Enfin, mon cher ange, vous êtes accoutumé à corriger mes plans ; si celui-ci ne vous plaît pas, jetez-le au feu, et je vous enverrai simplement la Chevalerie.
Vous pouvez au moins savoir si M. le duc de Choiseul est content de moi. Ce n'est pas que je doive craindre qu'il en soit mécontent, mais il est doux d'apprendre de votre bouche à quel point il agrée ma reconnaissance. Comptez d'ailleurs que je ne suis pas empressé, et que je me trouve très-bien comme je suis, à votre absence près. Adieu ; je baise le bout de vos ailes. »

 

1 Le mois et l'année figurent sur le manuscrit, de la main de d'Argental . Cette lettre est donc entre celle du 5 novembre 1759 ( http://voltaireathome.hautetfort.com/archive/2014/11/13/que-de-chateaux-en-espagne-nous-avons-batis-il-est-vrai-que-ce-n-est-pas-ac.html ) et celle du 24 novembre (voir page 241 : http://gallica.bnf.fr/ark:/12148/bpt6k6514333b/f253.texte.r=mon%20divin%20ange )

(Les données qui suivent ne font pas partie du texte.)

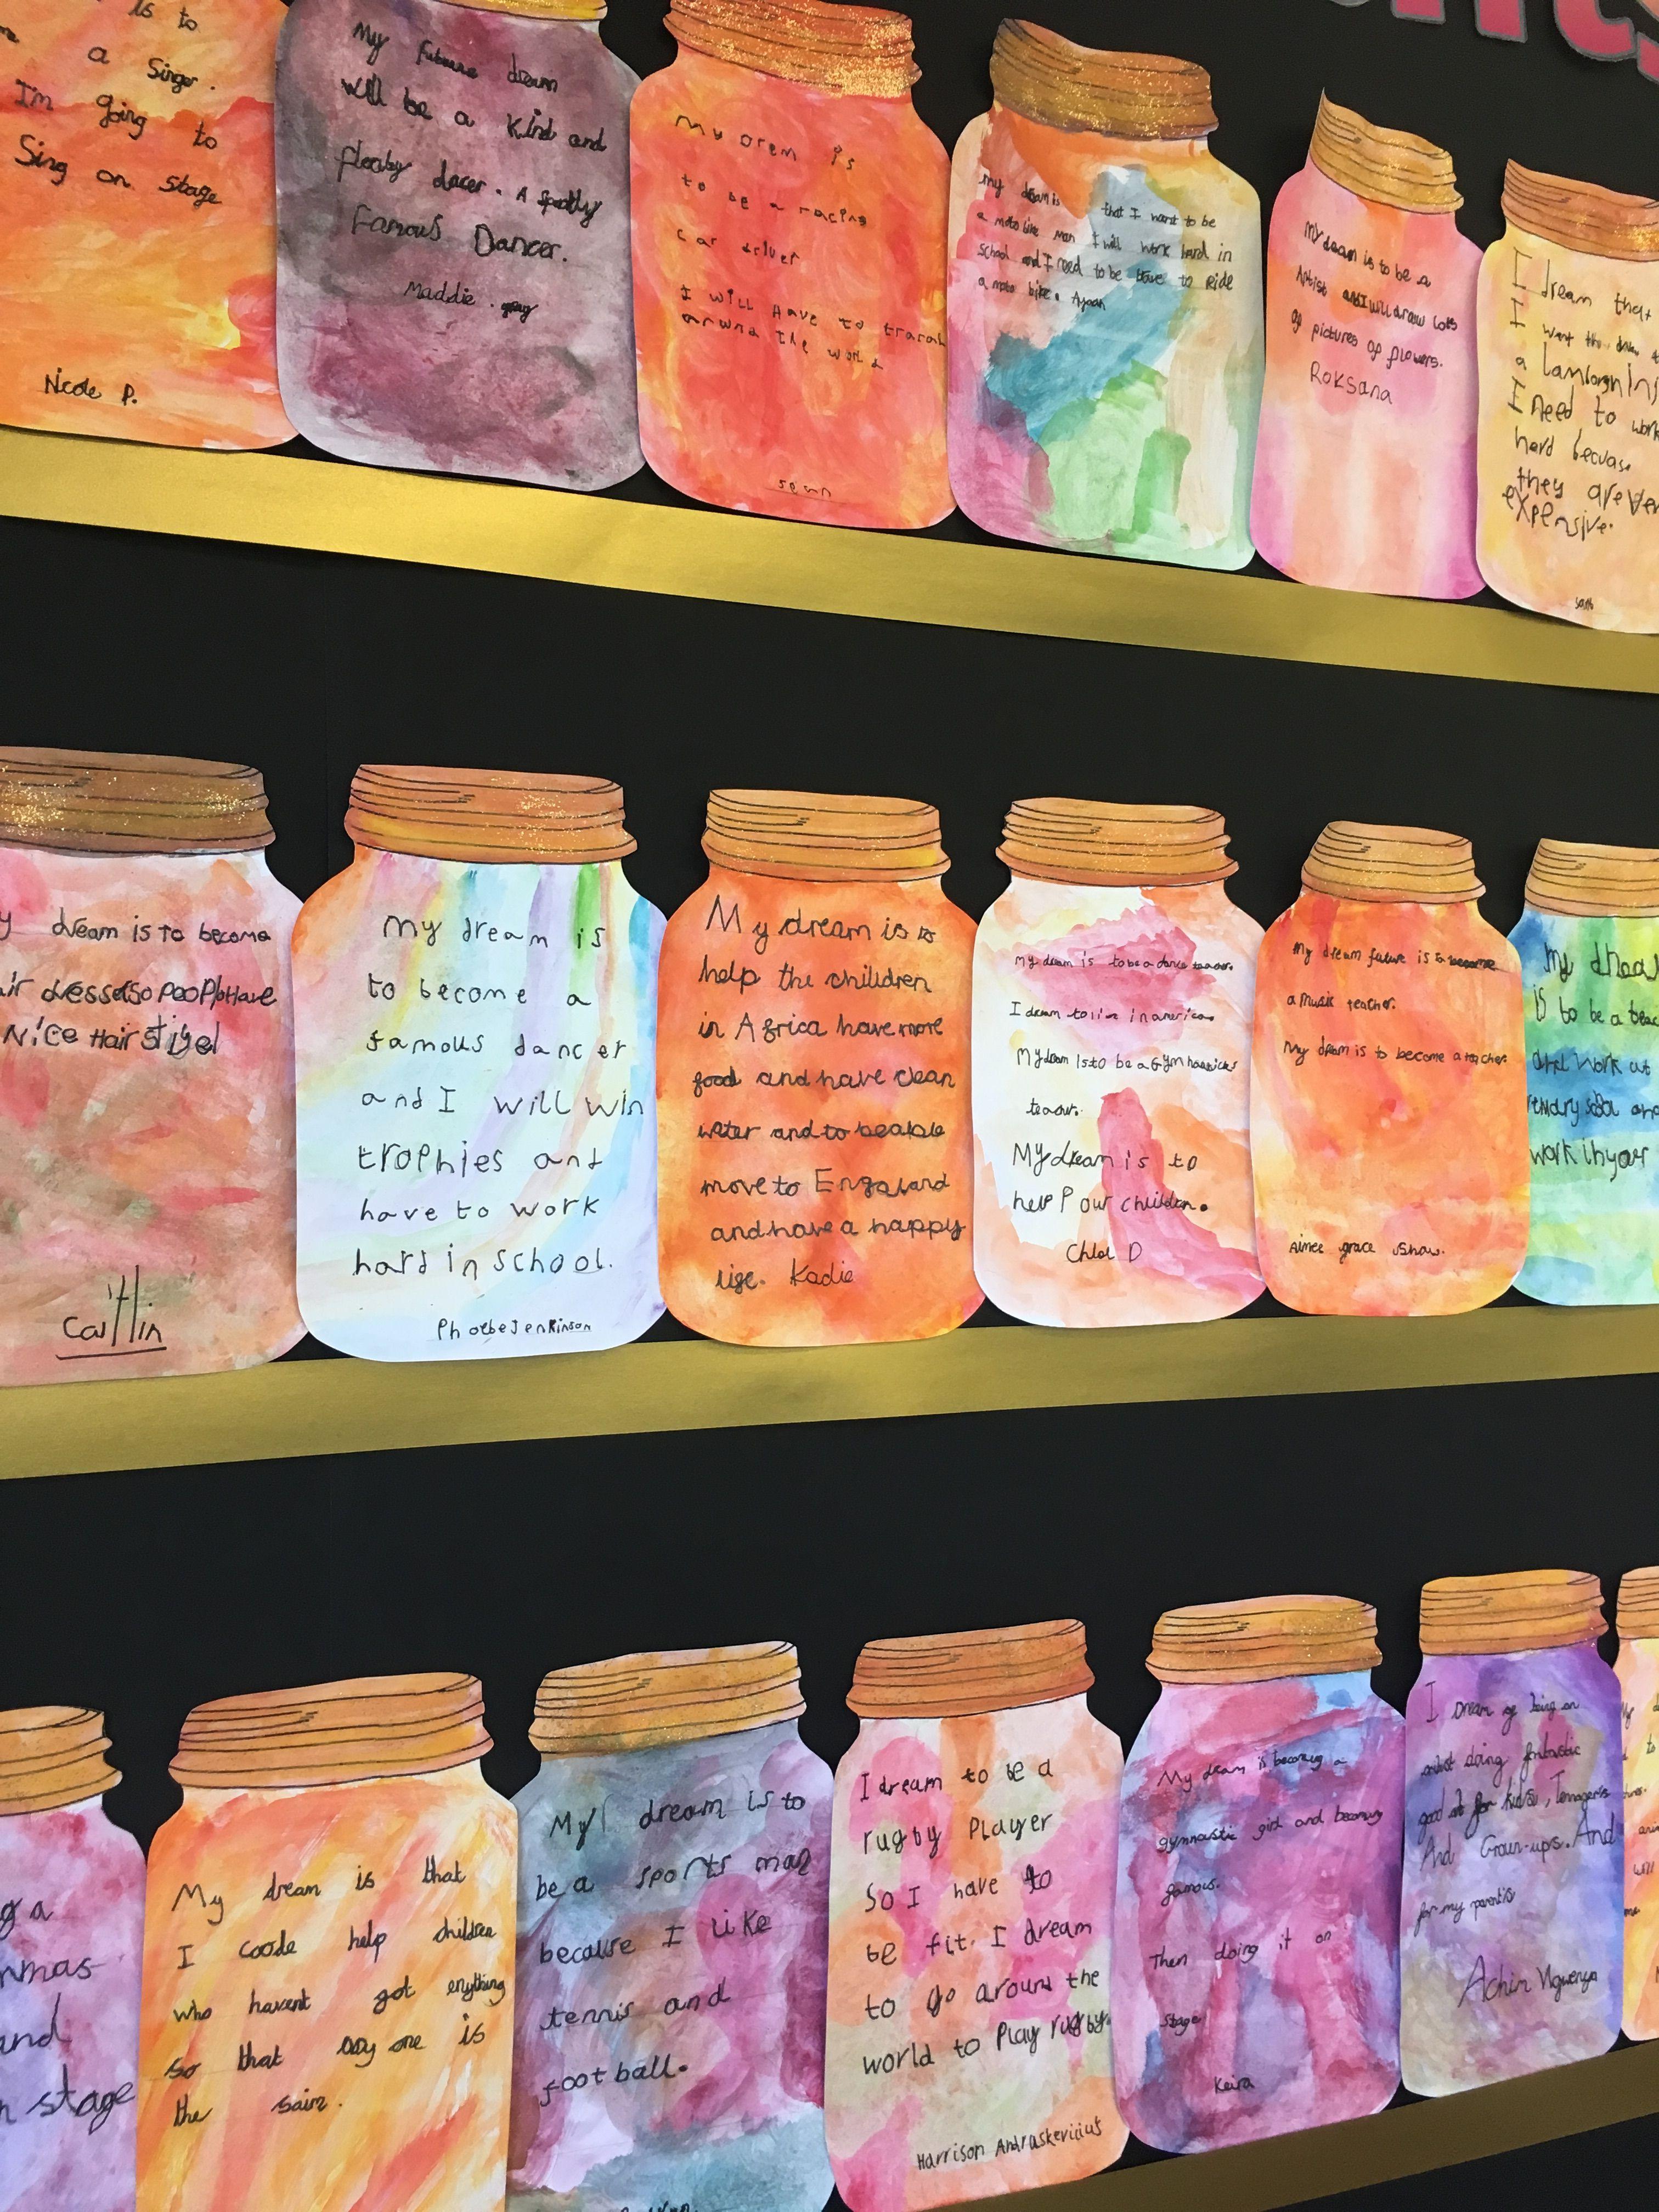 Classroom Jar Ideas : Bfg dream jar display classroom ideas pinterest

D'autre part le 15 novembre 1759 Jean-François Sellon écrit de Paris au Magnifique Conseil de Genève : « M. le duc de Choiseul en me parlant de M. de Voltaire m'a prié de témoigner au M.C. Qu'il verrait avec plaisir qu'il jouît à Genève de la considération que peut lui valoir sa recommandation . Dans la conversation j'ai pu comprendre par l »'ouvrage auquel il travaille pour une cour étrangère que l'on est dans le cas d'obliger peut avoir [ ?] quelque part à cette démarche [...] » ; on peut lire dans le s registres, la minute rayée par la suite : « Sur lequel article de la dite lettre étant délibéré, l'avis a été de charger nob[le] Tronchin cons[ei]l[er] de dire audit au sieur de Voltaire que M. le duc de Choiseul l'a recommandé à messeigneurs lesquels auront toute l'attention qu'ils doivent à une pareille recommandation . »

2 Frédéric, prince de Hesse, avait été élevé dans le calvinisme; mais vers 1754 il s'était fait catholique. Il devint landgrave de Hesse à la fin de janvier 1760. Voir : http://fr.wikipedia.org/wiki/Fr%C3%A9d%C3%A9ric_II_de_Hesse-Cassel

5 Les Anglais prirent Pondichéry le 16 janvier 1761.